Records from a dataset
■ ■ ■

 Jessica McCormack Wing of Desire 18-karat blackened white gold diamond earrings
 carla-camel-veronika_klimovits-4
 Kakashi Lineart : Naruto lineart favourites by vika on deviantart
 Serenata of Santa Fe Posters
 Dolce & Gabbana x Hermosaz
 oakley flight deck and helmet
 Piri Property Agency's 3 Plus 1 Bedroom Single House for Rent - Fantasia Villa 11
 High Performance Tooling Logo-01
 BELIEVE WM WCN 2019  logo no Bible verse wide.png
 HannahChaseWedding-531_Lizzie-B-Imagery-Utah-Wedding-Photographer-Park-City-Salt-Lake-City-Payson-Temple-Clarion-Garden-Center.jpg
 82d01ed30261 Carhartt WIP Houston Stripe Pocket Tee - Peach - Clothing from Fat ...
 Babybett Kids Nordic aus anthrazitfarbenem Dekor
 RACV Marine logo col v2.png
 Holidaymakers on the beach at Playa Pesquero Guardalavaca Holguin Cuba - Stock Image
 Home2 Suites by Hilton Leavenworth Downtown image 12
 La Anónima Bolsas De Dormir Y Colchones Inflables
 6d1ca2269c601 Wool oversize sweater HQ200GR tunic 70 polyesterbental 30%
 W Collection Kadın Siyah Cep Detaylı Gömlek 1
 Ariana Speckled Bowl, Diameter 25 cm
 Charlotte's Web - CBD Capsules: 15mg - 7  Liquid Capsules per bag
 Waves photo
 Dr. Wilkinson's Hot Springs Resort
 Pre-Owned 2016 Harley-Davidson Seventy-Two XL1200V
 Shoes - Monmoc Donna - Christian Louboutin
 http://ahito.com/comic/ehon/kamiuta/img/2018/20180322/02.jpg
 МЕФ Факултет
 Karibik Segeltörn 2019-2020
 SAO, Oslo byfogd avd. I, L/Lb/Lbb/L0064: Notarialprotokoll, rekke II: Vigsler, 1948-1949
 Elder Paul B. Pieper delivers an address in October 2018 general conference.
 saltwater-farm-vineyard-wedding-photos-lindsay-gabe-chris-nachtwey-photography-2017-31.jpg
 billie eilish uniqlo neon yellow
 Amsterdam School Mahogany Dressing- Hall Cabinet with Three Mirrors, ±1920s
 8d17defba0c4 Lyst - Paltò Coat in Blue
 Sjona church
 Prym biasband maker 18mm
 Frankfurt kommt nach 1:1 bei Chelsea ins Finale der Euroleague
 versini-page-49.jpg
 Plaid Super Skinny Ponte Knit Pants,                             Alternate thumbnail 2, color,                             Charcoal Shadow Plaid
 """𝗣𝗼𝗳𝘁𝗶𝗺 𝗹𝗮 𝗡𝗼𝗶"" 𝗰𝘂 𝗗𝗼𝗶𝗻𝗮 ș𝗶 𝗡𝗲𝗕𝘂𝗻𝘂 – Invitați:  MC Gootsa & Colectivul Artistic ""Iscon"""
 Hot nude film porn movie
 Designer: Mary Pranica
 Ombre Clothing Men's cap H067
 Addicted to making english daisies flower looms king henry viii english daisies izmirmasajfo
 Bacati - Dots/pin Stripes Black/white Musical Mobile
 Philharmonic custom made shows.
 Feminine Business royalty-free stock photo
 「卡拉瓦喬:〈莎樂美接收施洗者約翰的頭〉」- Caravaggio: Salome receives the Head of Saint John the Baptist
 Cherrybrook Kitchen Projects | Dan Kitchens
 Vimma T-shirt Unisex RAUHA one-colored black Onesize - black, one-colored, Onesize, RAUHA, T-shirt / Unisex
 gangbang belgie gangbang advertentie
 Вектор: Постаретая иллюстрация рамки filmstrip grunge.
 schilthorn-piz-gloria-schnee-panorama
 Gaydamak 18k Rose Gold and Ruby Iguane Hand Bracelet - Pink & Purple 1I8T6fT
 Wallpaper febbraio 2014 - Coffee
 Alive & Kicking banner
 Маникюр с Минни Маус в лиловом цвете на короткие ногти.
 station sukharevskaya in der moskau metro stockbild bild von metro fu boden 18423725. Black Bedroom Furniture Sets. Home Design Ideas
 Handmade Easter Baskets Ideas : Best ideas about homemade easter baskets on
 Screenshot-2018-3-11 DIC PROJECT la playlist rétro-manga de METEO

■ ■ ■

**EXERCISE DESCRIPTION**
Using the records above, copy all lines that include the word "Bedroom".

**TASK RESPONSE**
 Piri Property Agency's 3 Plus 1 Bedroom Single House for Rent - Fantasia Villa 11
 station sukharevskaya in der moskau metro stockbild bild von metro fu boden 18423725. Black Bedroom Furniture Sets. Home Design Ideas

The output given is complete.